On November 16, 1780, Túpac Amaru II, as part of his revolution, issued the "Bando de Libertad" in Tungasuca (Cusco) proclaiming the abolition of slavery for the first time on the continent, giving freedom to the blacks that the indigenous hosts under his command found and inviting them to join him. This process was truncated by the Spanish during the Viceroyalty of Peru.

With the independence of Peru, José de San Martín declared free all children of slaves born from July 28, 1821 onwards. Later, in November of the same year, guardianship over the children of slaves was decreed. Subsequently, maintenance was expanded, also considering guardianship over freed slaves until they were fifty years old. This guardianship was paid for by agricultural landowners who took into account that maintaining for a slave it was very expensive; From then on, many landowners converted their slaves into "free laborers" but forced to work on the estates under the figure of "renting plots of land", this led to the emergence of the so-called "slave farms."

Starting in 1821, the number of black slaves decreased, evidencing a crisis of the slave system in Peru that would last until 1854, the year of the abolition of slavery in Peru. This disintegration of the slave system went through various periods in which various manifestations of resistance by black slaves were evident, with four modes of resistance standing out:

  • legal conflict
  • the purchase of liberty
  • the ridge
  • the banditry

The liberation of the slaves was proclaimed by Ramón Castilla in the city of Huancayo on December 5, 1854 during a period of conflicts for power with the then president Echenique. In 1854, there were 25,505 slaves in Peru; To achieve their freedom, the Peruvian government had to pay their owners a bonus of three hundred pesos for each slave, which represented an expense of almost eight million pesos that were paid for with guano exports. It is documented that many bosses declared they had more slaves in order to receive more money.

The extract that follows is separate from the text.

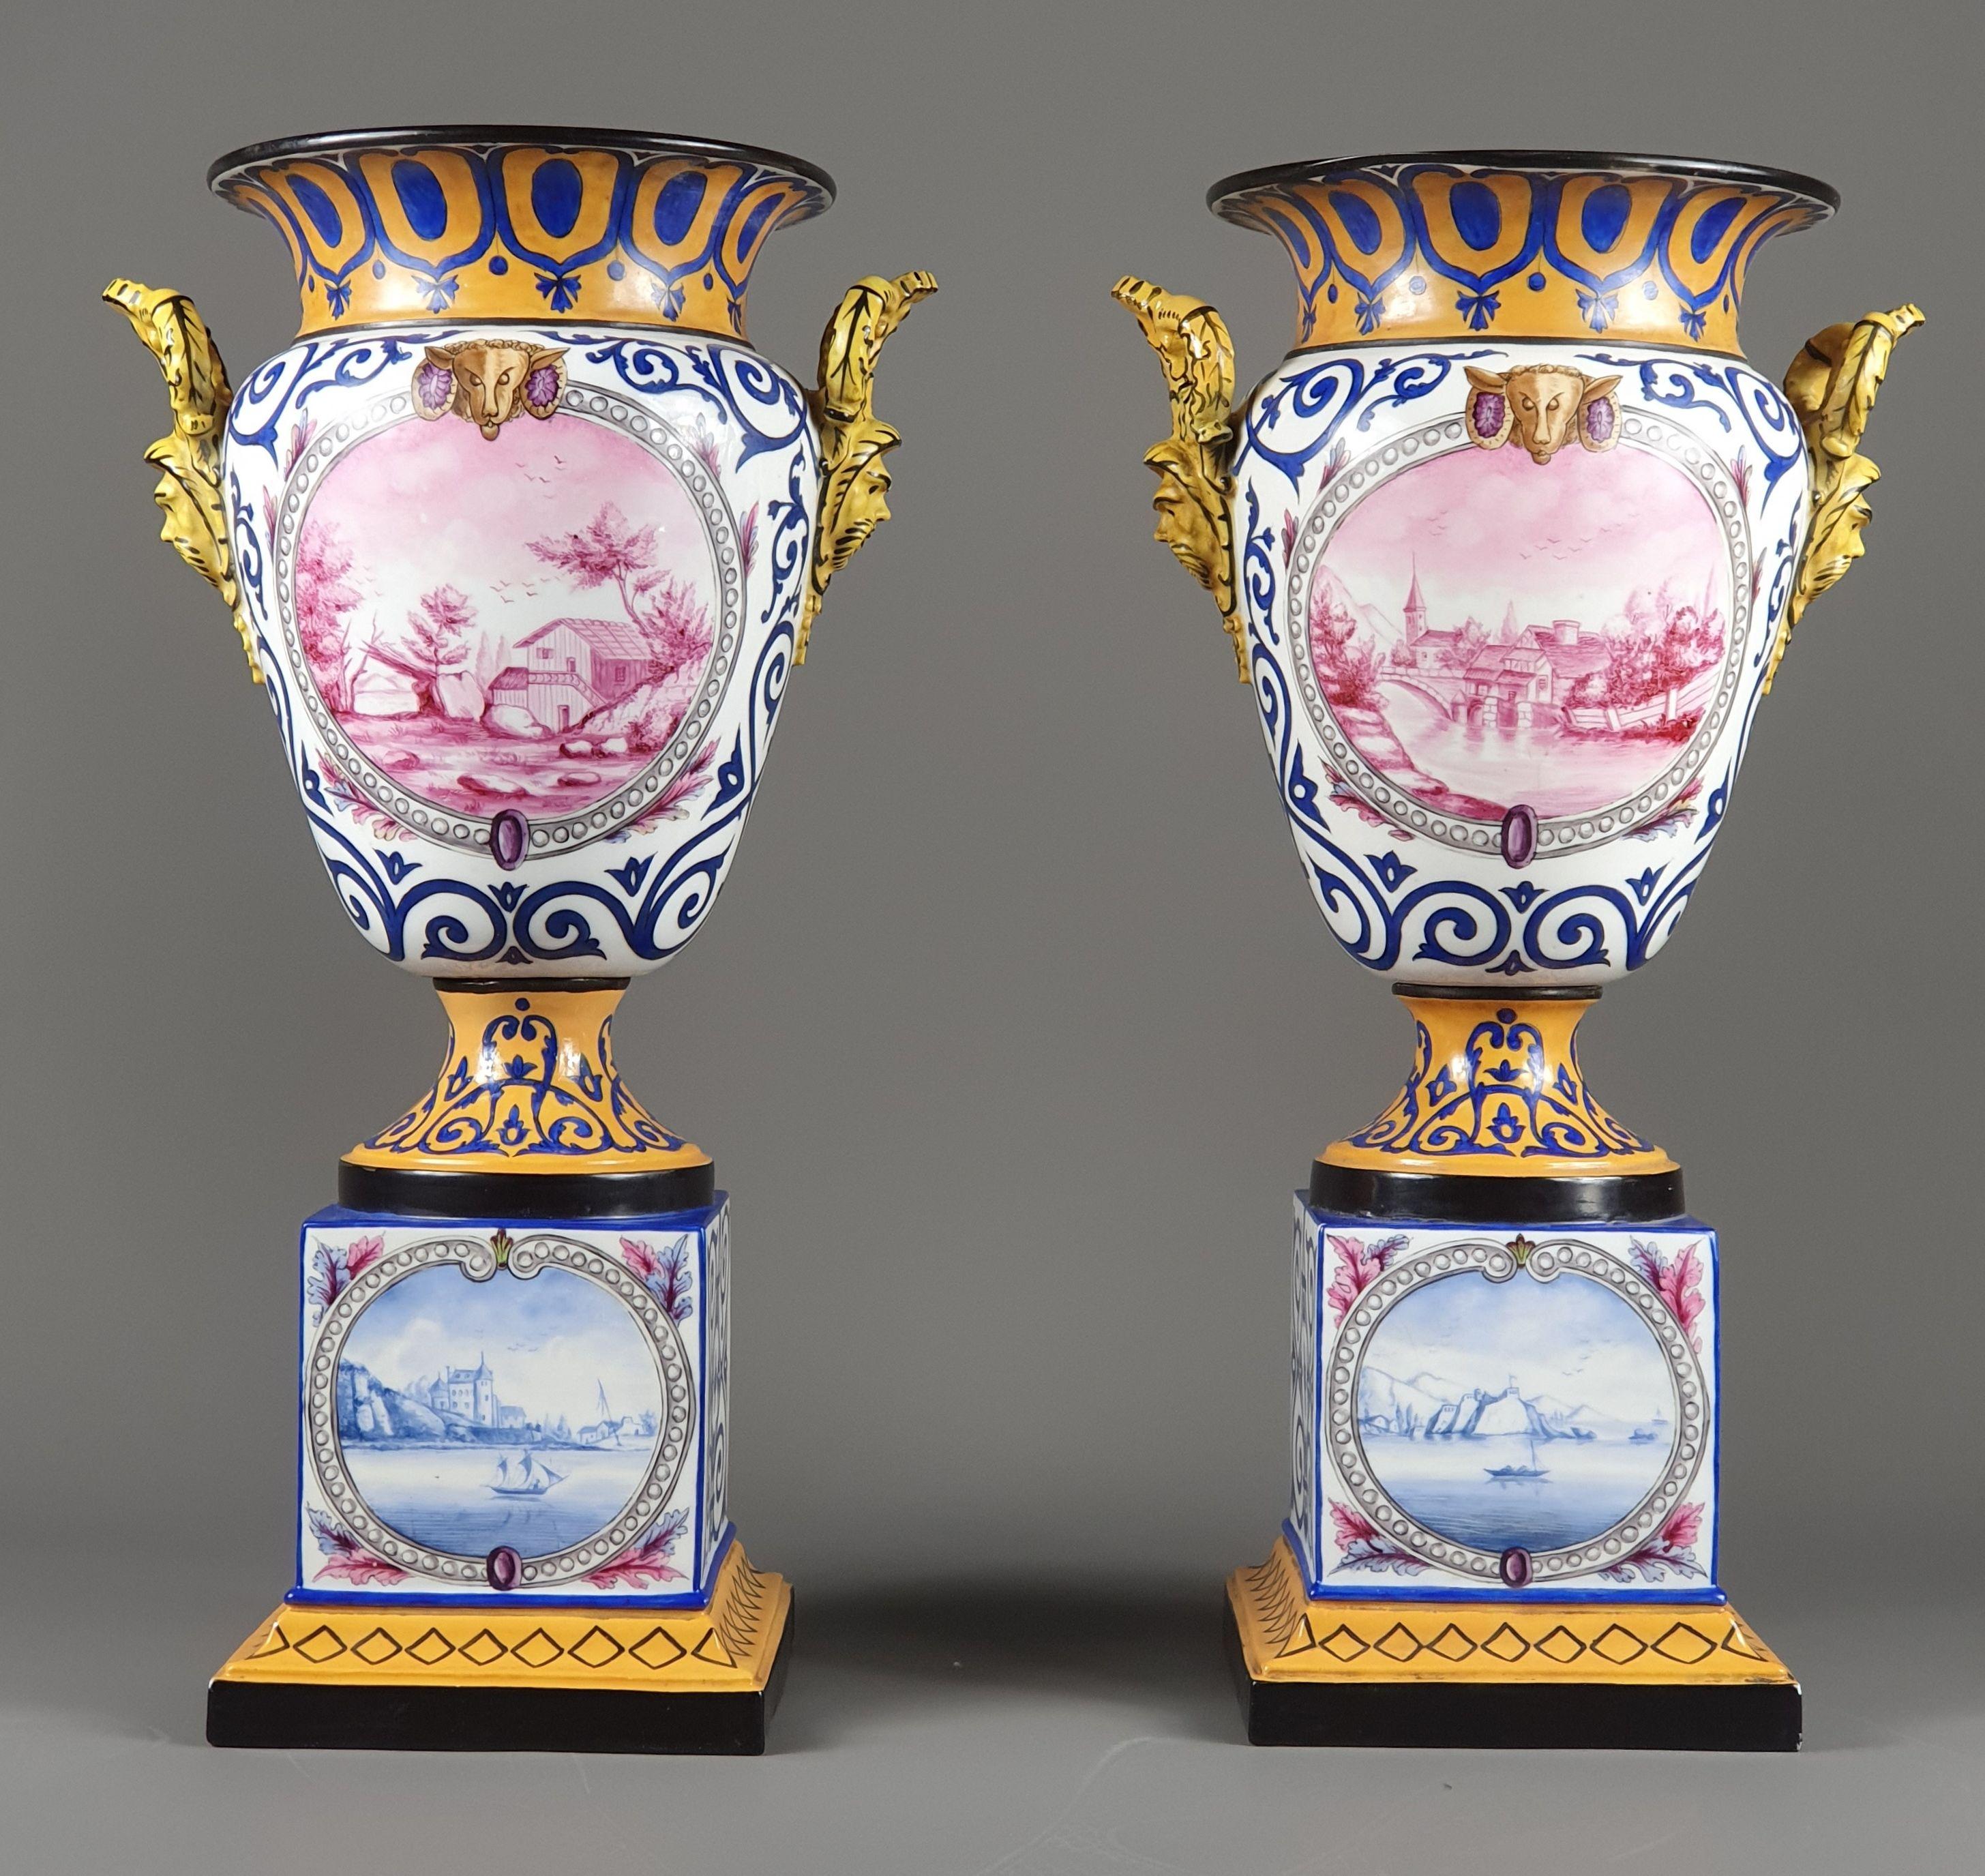 Rare paire de vases en porcelaine de Paris composée d'une base cubique sur un socle évasé et surmontée d'un vase de style Médicis à la panse généreuse.

Superbe décor sur fond orange et blanc orné de feuillages de couleur marine présentant

In January 1855, Castilla entered Lima and was elected provisional president, calling a constituent congress from which the constitution of 1856 emerged, which reflected, in addition to the proclamations of the abolition of slavery, the abolition of indigenous tribute., among others; beginning a new stage in Afro-Peruvian history.

Portugal

The reformist prime minister Marquis of Pombal abolished slavery in Portugal and the Indian colonies on February 12, 1761. Slavery continued to be permitted in the Portuguese colonies in America. Together with Great Britain, at the beginning of the 19th century it banned the slave trade and in 1854 by decree all slaves in the country were freed. government of the colonies. Two years later, all church slaves in the colonies were also freed. On February 25, 1869, slavery was finally completely abolished in the Portuguese Empire.

United Kingdom

Thanks to the influence of men such as the repentant slave trader John Newton with the publication of his pamphlet Thoughts on the Slave Trade in 1788 and the jurist William Wilberforce, who was a leader of the parliamentary campaign to suppress the African slave trade, The Society for Effecting the Abolition of Slavery was founded in 1789 by Thomas Clarkson as an expression of an abolitionist pressure group, the so-called by their enemies Clapham Sect. In presentations he informed the public of the slave trade and its practices and sought the support of parliament.

In 1807 the slave trade was prohibited in the territory of England through the Slave Trade Act.

On August 23, 1833, the Slavery Abolition Act was approved, by which from August 1, 1834 all slaves in the British colonies were free. During a transition period of four years they would remain, in exchange for a salary, still linked to their master. Caribbean plantation owners were compensated £20 million.